漫画原作バラエティ、出演者根こそぎクズと話題で気になっていたのだが、どうやら今日だったらしい。私が見始めた時にはすでに最終ステージであった。
最終ステージの内容はシンプルなすごろくゲームだった。さいころを振って進む、マスに描かれた効果に一喜一憂するあれだ。
Eカードのような心理戦かと思いきや、完全な運否天賦。少し肩透かしだが、まあ悪くない。心理戦は心情描写がないと面白くないとか、大方そんな事情に違いない。
マスには+30万ペリカ、-30万ペリカ等の一般マス、他のプレイヤーに不利益を与えるお邪魔マス、そして漢字一文字が書かれたイベントマスなどが書かれていた。
ちりばめられた±マスですら、日本円で2~3万のやり取りである。

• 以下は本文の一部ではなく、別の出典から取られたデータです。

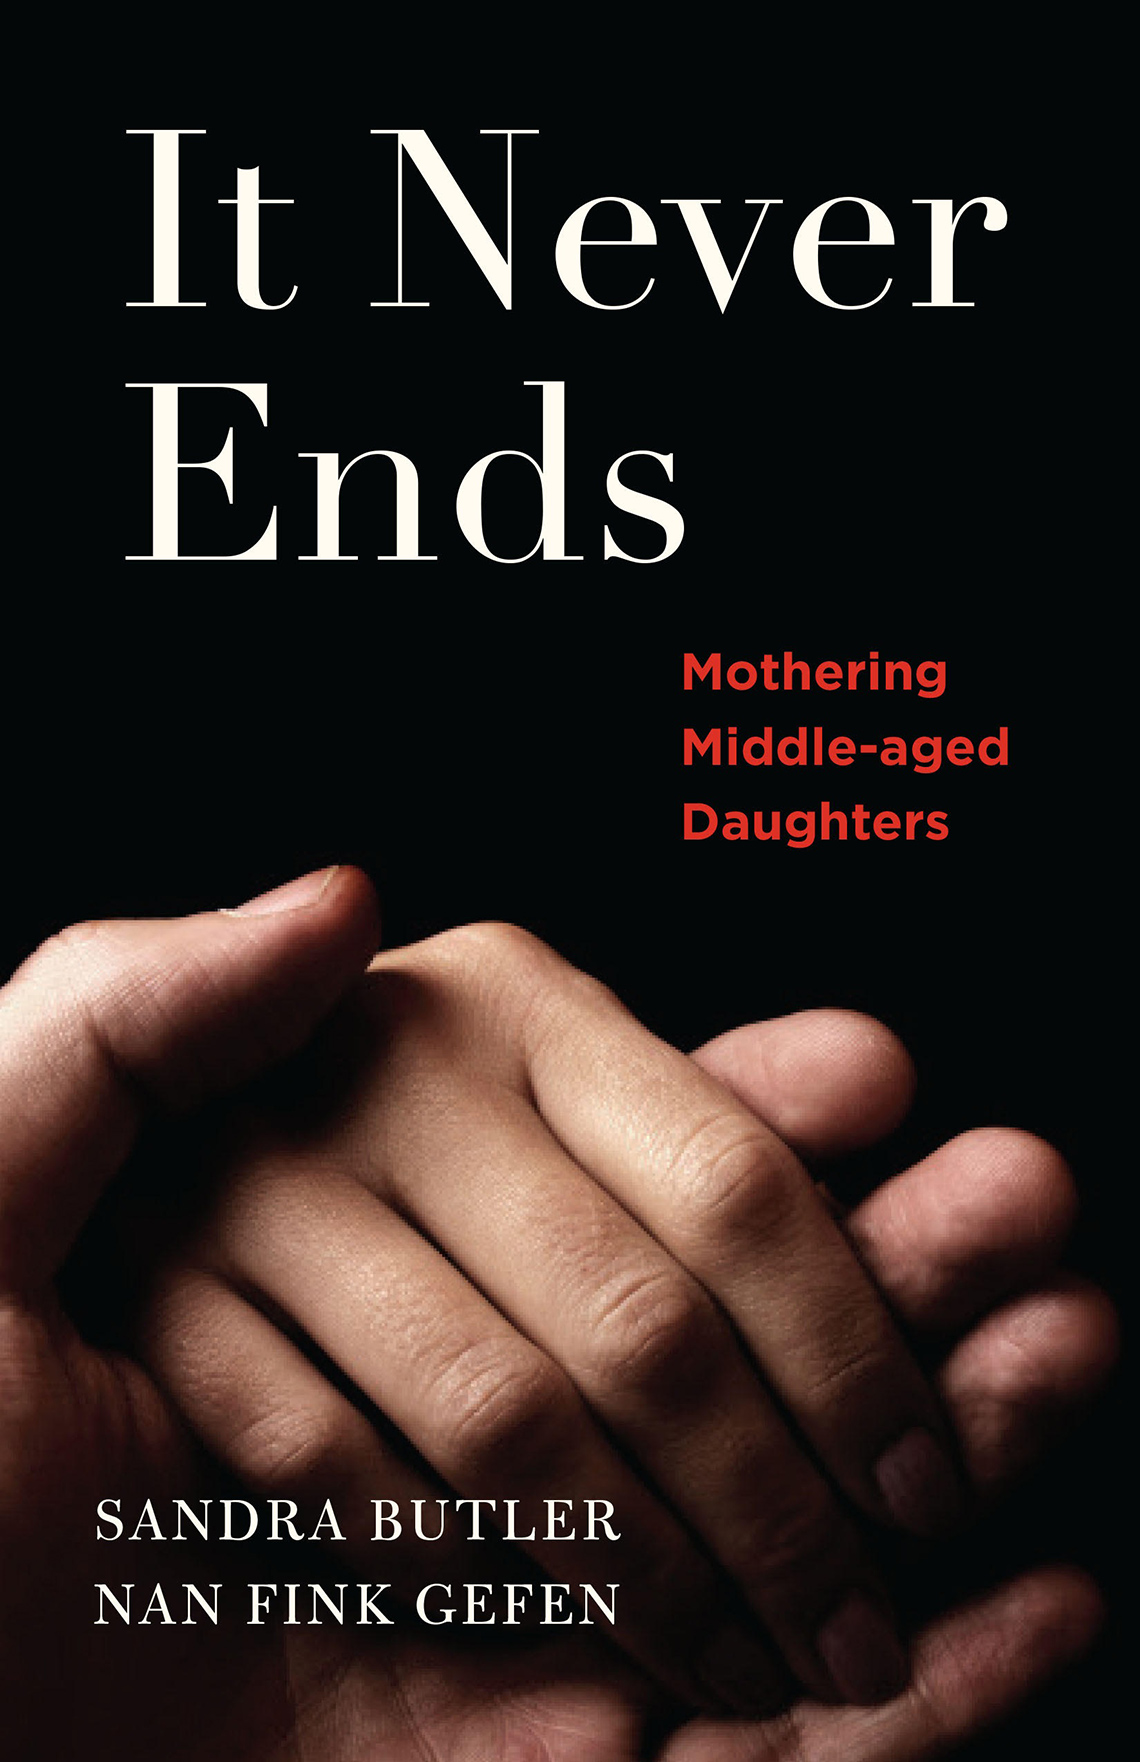 'It Never Ends: Mothering Middle-aged Daughters', by Sandra Butler and Nan Fink Gefen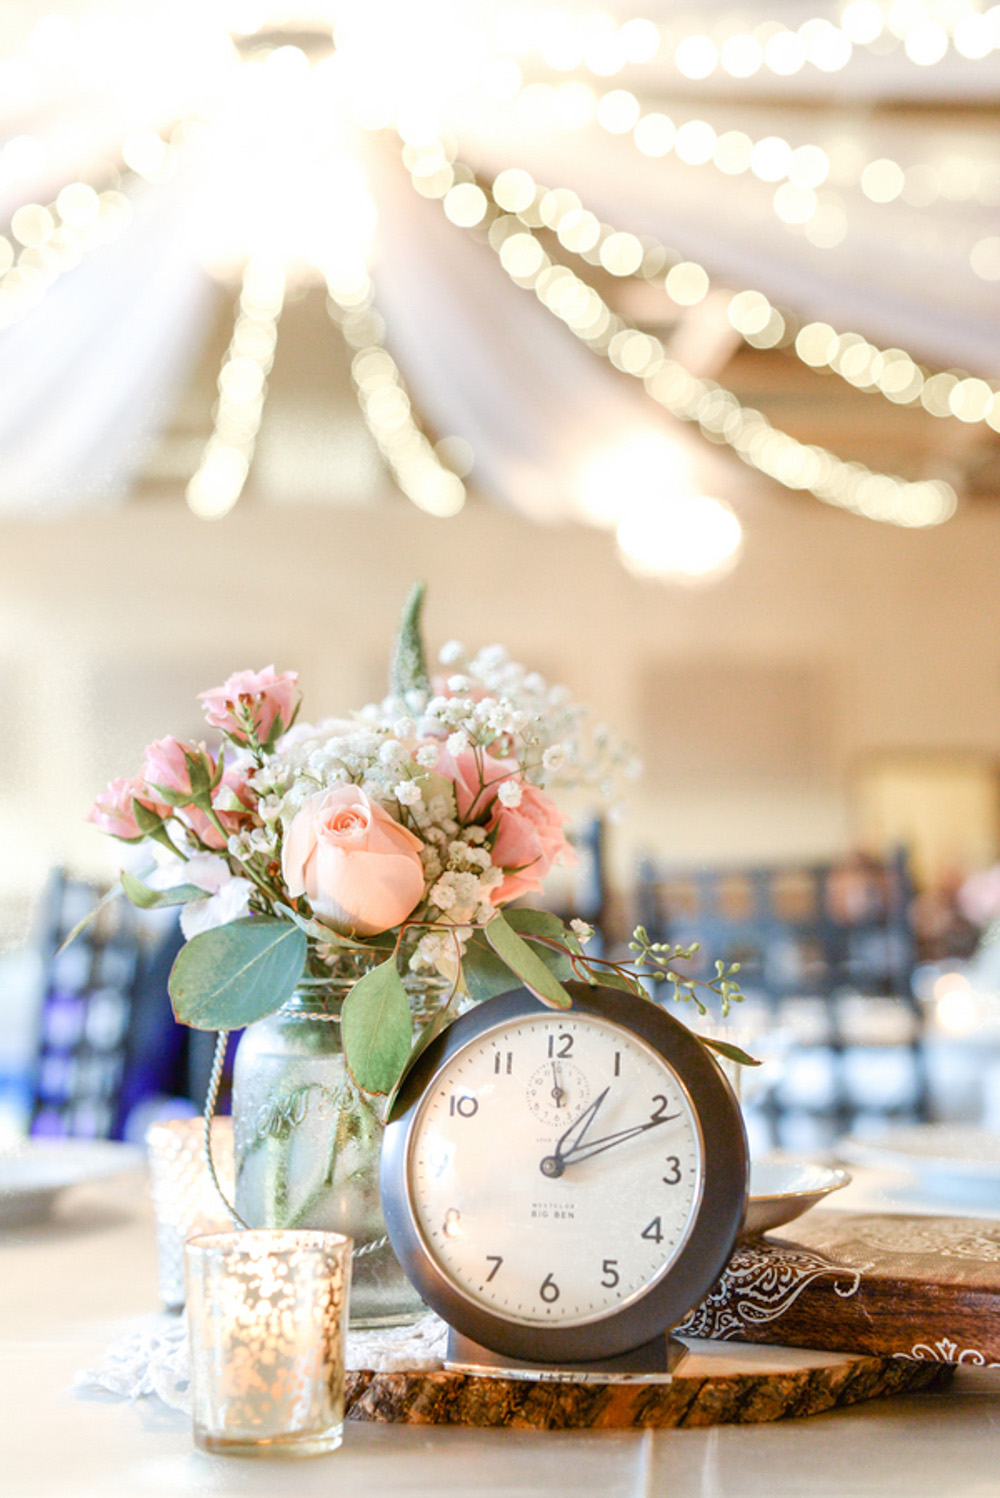 Blush and Grey Vintage Chic Inspired Wedding by Shively_Whitney_Monique_Hessler_Photography (23)

動きがなく退屈だが、参加者にとっては1マス1マスが重いことだろう。
状況が動いたのは、一番最初のイベントマスにプレイヤーが止まった時だった。
マス目には「水」と書かれていた。
イベントの内容は「1分間で2ℓの水をどれだけ飲めるか」
水を飲めば飲むだけ金がもらえる。こぼしたらアウト。極々シンプルなルールだが、いくらかエンタメに親しんだ人間ならその恐ろしさがわかるだろう。
水は最も身近な毒であり、適量を超えれば人体に牙をむく。欲をかけば身を滅ぼすというこの上ない実例を凝縮したイベントだ。ひょっとしたら借金に溺れるとか、ギャンブルに溺れるにかかっているのかもしれない。
このイベントは劇的だった。最後の挑戦者が二リットルの水を飲みほしたのである。
かなり危なっかしい飲み方で、緊張で手が滑ったら今にもこぼれそうだったが、彼は何とかペットボトルを空にしたのである。
アナウンスがタイムアップを告げた。次の瞬間である。
彼が水を吐き出し、倒れこんだのである。
「すみません」とつぶやく彼は本当に苦しそうで、視聴者に強くこのゲームの構造を印象づける。
ここにいるのは金のためなら身体の限界を超える猛者たちなのだ。と
もしもこれが地上波でなかったら、本物の帝愛のような組織が作った企画だったら。
登場したプレイヤーなら、本当に命を賭けるかもしれない。そのリアルさが生々しかった。
そして、それを感じて高揚する自分もまた恐ろしかったのである。